とは言え、前回最後に会った時間を覚えているなんて、記憶力が良いなと素直に感嘆する。
「ええ、新たな魔法の術式を構築することに成功しました。是非、アマーリエ様にはご意見をいただきたく」
「私の意見なんてなくても、開発者が貴方なら何の問題もないでしょうに」
「いえ、そんなことないです。まだもう少し、改良の余地はあるかもしれないので、是非」
「んー……それなら明日森から帰ってきたら聞くから、その時ゆっくりと教えて? 今は王都から来た子……ディアナって言うんだけどね、彼女が到着するのを、一応待っているから」
「はい、畏まりました」
「もしかしたら、ディアナ聞きたがるかもしれないけれども、問題ないかしら?」
「別に良いですよ。邪魔さえしなければ」
「そう。じゃあ、貴方の成果を楽しみにしているわ? 今は、時間の余裕がある?」
「私は研究に戻って、新たな術式の検討を開始したいと……」
「つまり、差し迫った予定はないということね? それなら、貴方もそこに座って休みなさいな」
「ですから、新たな術式の検討が……」
「だって貴方、いつもそればかり。追い立てられて研究しても、良い案は浮かばないわよ? ホラ、少し体と頭を休めなさいな」
ヴォルターは放っておくと、ずっと研究をしている。それこそ、四六時中ずっと。
開発に成功したとしても休む間もなく、すぐに次、次と研究を開始してしまう。
なのでいつも、今みたいに研究がひと段落ついていそうだったら、強引に休むように指示を出していた。

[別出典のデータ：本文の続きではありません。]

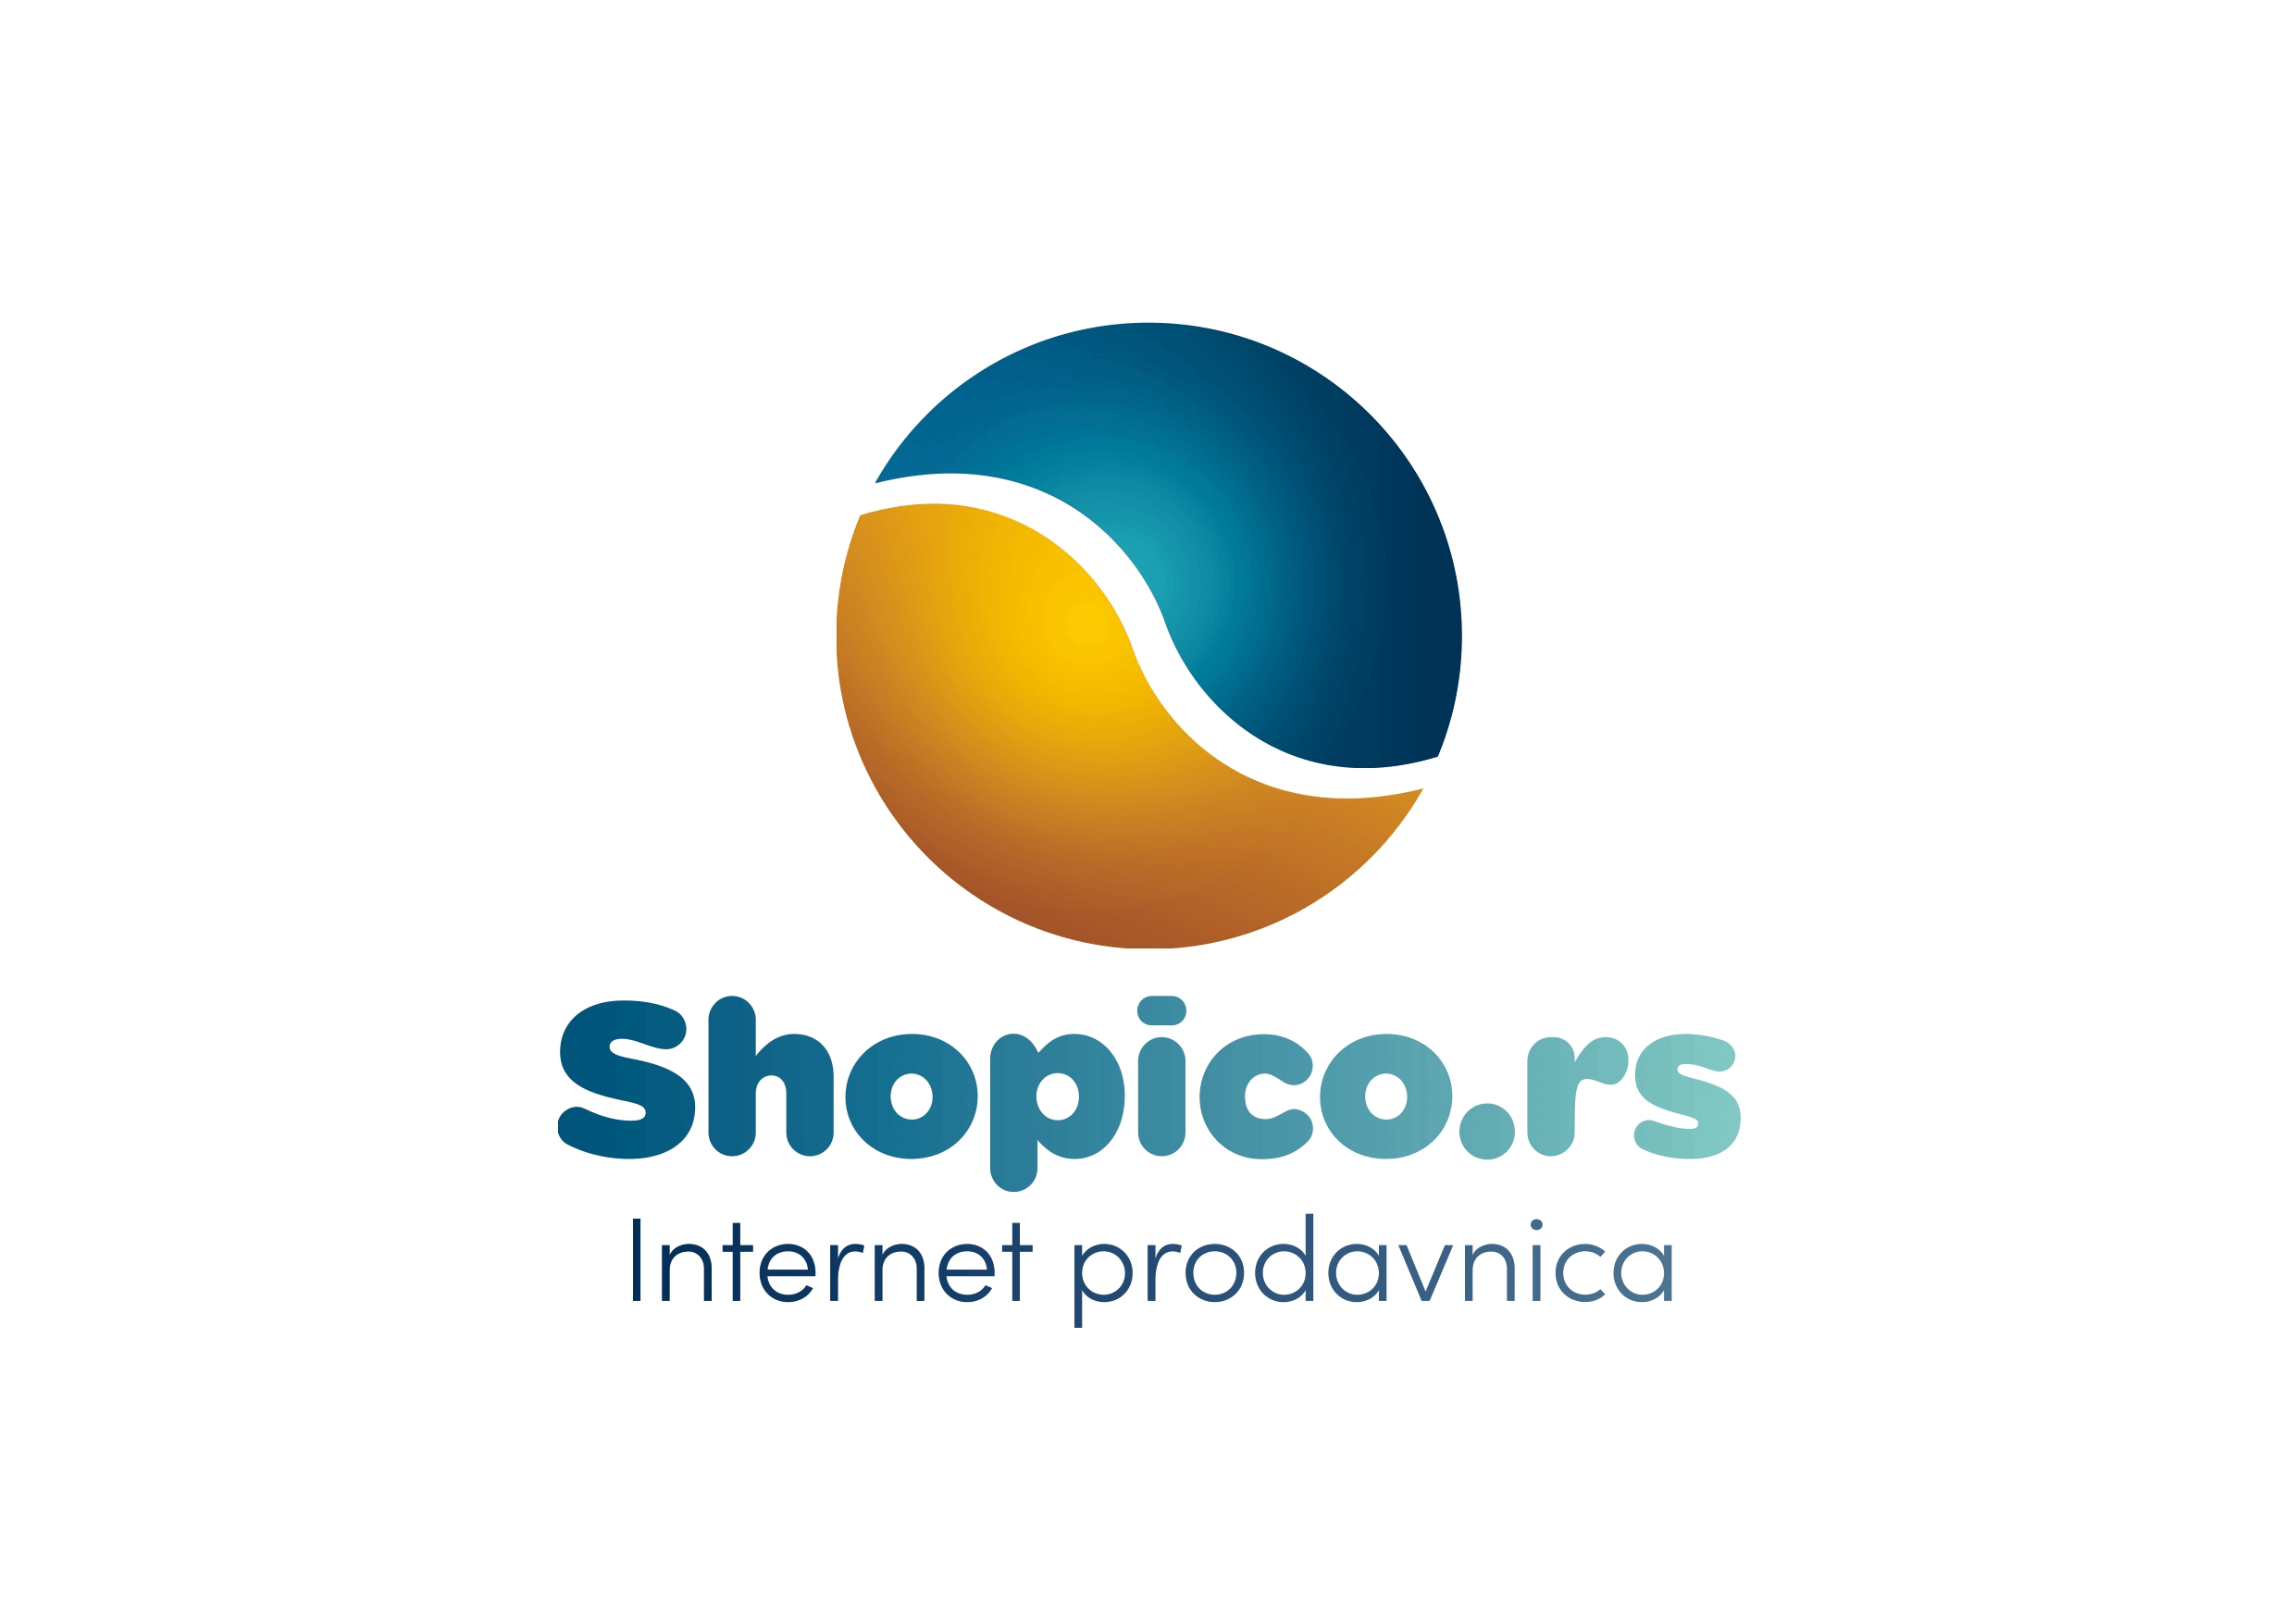 Shopico - Internet prodavnica

ジークベルトも心得たもので、ヴォルター用の茶器を既に準備している。
「ねえ、ジークベルト、ヴォルター。観光するとしたら、どこが良いのかしら?」
「……アマーリエ様がそんなこと、気にしなくて良いんじゃないですか?」
「あら、でも……ディアナ、暇で時間を持て余しているみたいだし、折角シャリアンデに来たのだから、何か見せてあげた方が良いと思ったの」
「……時間を持て余している? アマーリエ様の側にいながら?」
何故か信じられないことを聞いたとでも言わんばかりに、呆然とヴォルターが呟いた。
……私の側なんて、暇でしかないでしょうに。
「勿体ない。魔法術式の実験、研究に関する議論、諸々アマーリエ様に時間を割いていただけるというのに……! 私だったら、一分一秒も無駄にしない……」
ぶつぶつと呟くヴォルターに、私は思わず苦笑いを浮かべる。
「そんなに差し迫った相談があるのなら、領都に来ても良いわよ?」
「それは、いけません」
私の提案に、ジークベルトが首を横に振った。
基本私の言うことを否定はしないから、とても珍しいことだ。
「領都に住むことをアマーリエ様がお許しになれば、他の皆も同じように希望して収拾がつかな……いえ、何でもございません。ヴォルターは、こちらで仕事がありますから。長く不在にする訳にはいかないかと」
「そう、ね。ヴォルターも、仕事があるものね」
皆も人が多く集まる忙しない街より、人の少ない長閑な街の方が落ち着くのかしら? ……なんて疑問に思ったけれども、途中でジークベルトが言葉を止めたから、私もあえて問いかけるのは止めた。
代わりに、深く息を吐く。
「……皆の厚意に甘えてばかりで、申し訳ないわ。私も、そろそろこっちに帰って来なければいけないとは思っているの」
「アマーリエ様が申し訳なく思う必要は、全くありません。……アマーリエ様がお好きなときに、好きなだけこちらに滞在すれば良いのです」
「いいえ……本当はね、分かっているの。いつまでも過去を引きずって、あの街に逃げるように留まり続ける訳にはいかないってことを」
心配そうな表情を浮かべる二人に、私は笑ってみせた。